Supreme Court of Prince Edward Island

Personal details
- Born: June 29, 1935 Kilmuir, Prince Edward Island
- Died: August 22, 2022 (aged 87) Edinburgh, Scotland
- Education: Bachelor of Commerce (1957); Bachelor of Laws (1960);
- Alma mater: Dalhousie University

= Kenneth R. MacDonald =

Canadian judge (1935–2022)

Kenneth Ross MacDonald (June 29, 1935 – August 22, 2022) was a judge in the Supreme Court of Prince Edward Island. He was also one of the top curlers in the province, representing Prince Edward Island at the 1967, 1976, 1977, 1979 and 1984 Briers.
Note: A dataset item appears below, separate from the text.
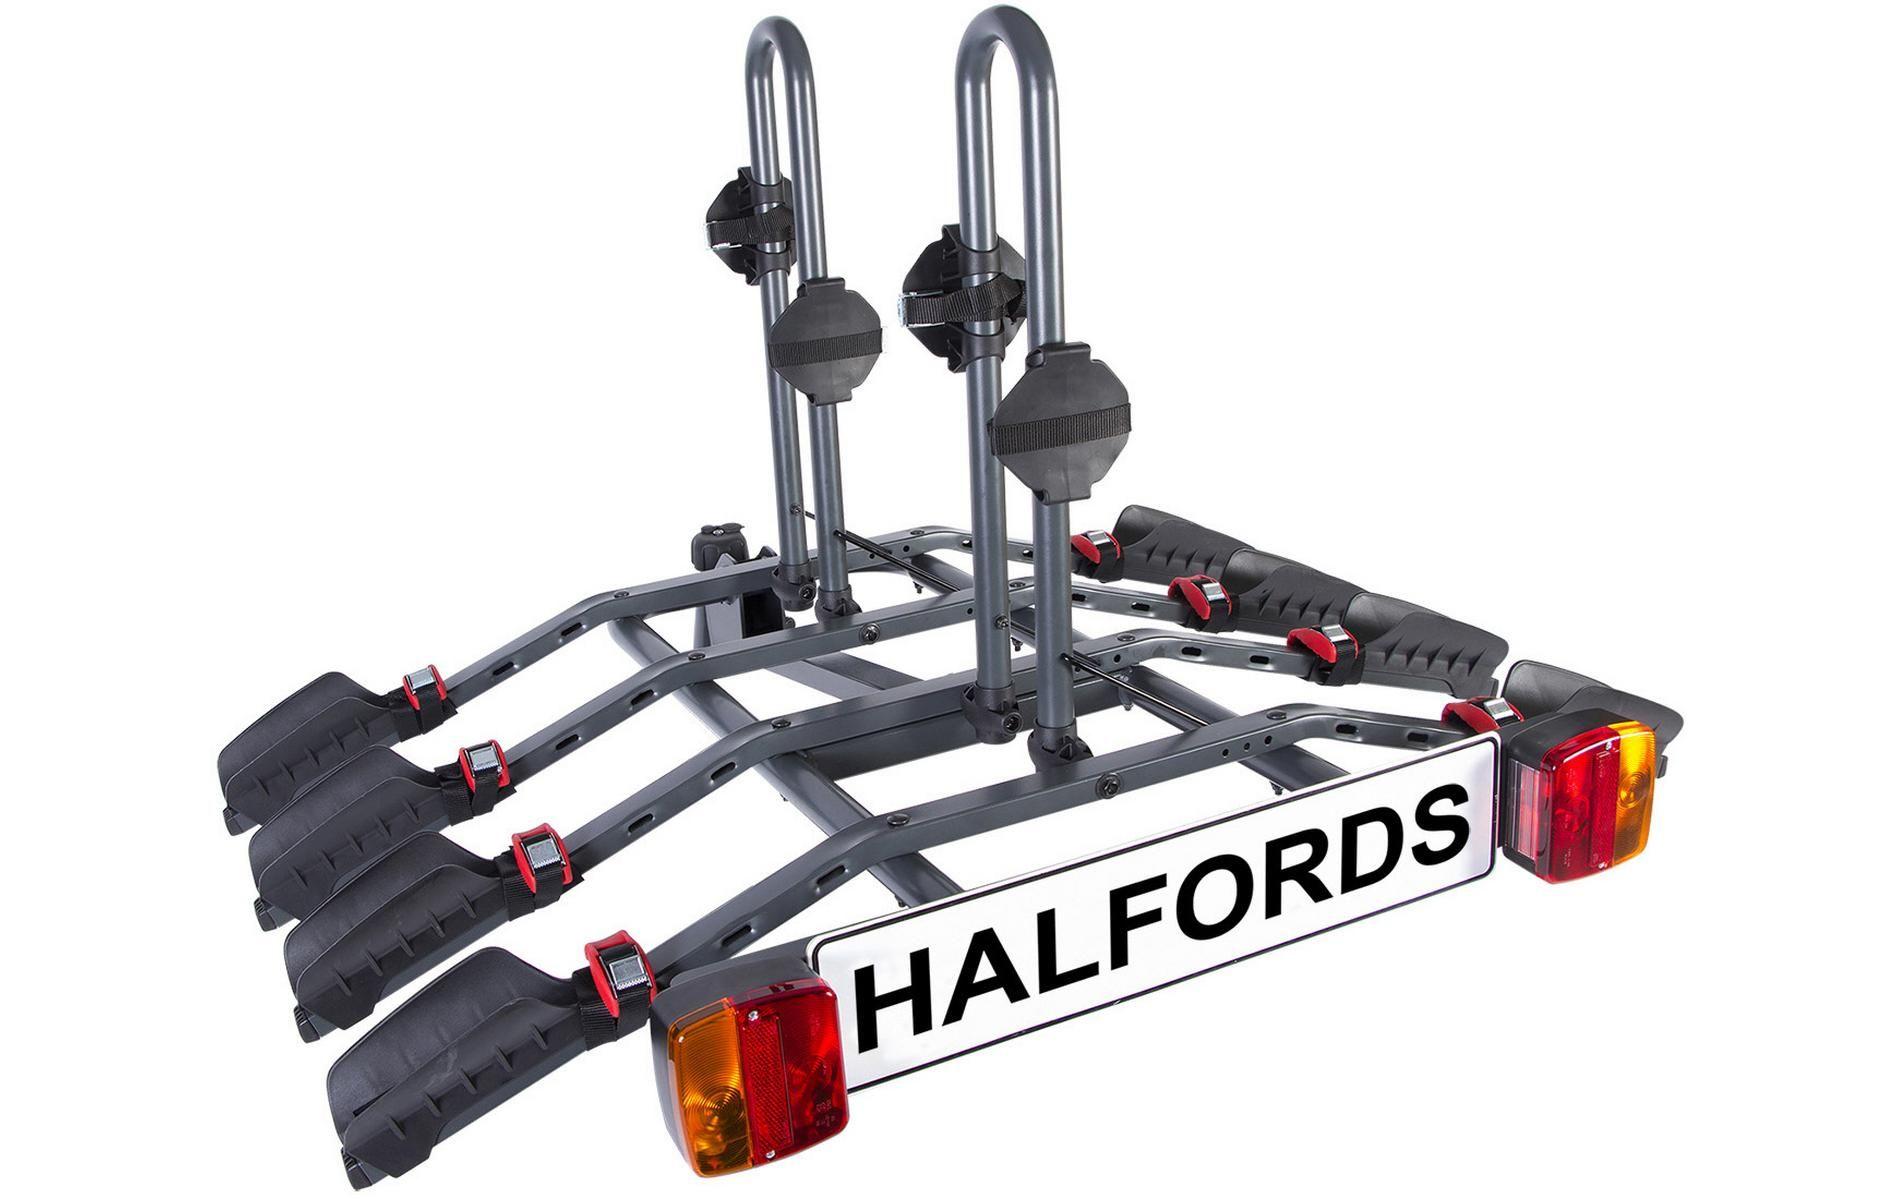 Halfords 4 Bike Tow Bar Cycle Carrier Bike rack, Cycle

MacDonald died after a brief illness, on August 22, 2022, in the Royal Infirmary of Edinburgh, Scotland.

== History ==
MacDonald was admitted to the Bar of Prince Edward Island in 1962. In the 1970s, MacDonald worked for a firm named Foster, MacDonald & Carruthers. At this time MacDonald also served as Secretary-Treasurer for the Law Society of Prince Edward Island.

MacDonald retired in August 2001. Kenneth R. MacDonald continued to do interviews and discuss legal issues in the media following his retirement.

== Notable trials ==
In 1980, Kenneth R. MacDonald judged MacKinnon v Hashie which has been cited in numerous subsequent cases.

In 1992, MacDonald judged Kane v Canadian Ladies Golf Association, in which Canadian professional golfer Lorrie Kane was permitted to participate in a tournament despite the golf association's former decision that Kane could not participate.

In 2000, MacDonald judged R v MacAulay, a landmark case in Canadian impaired driving law.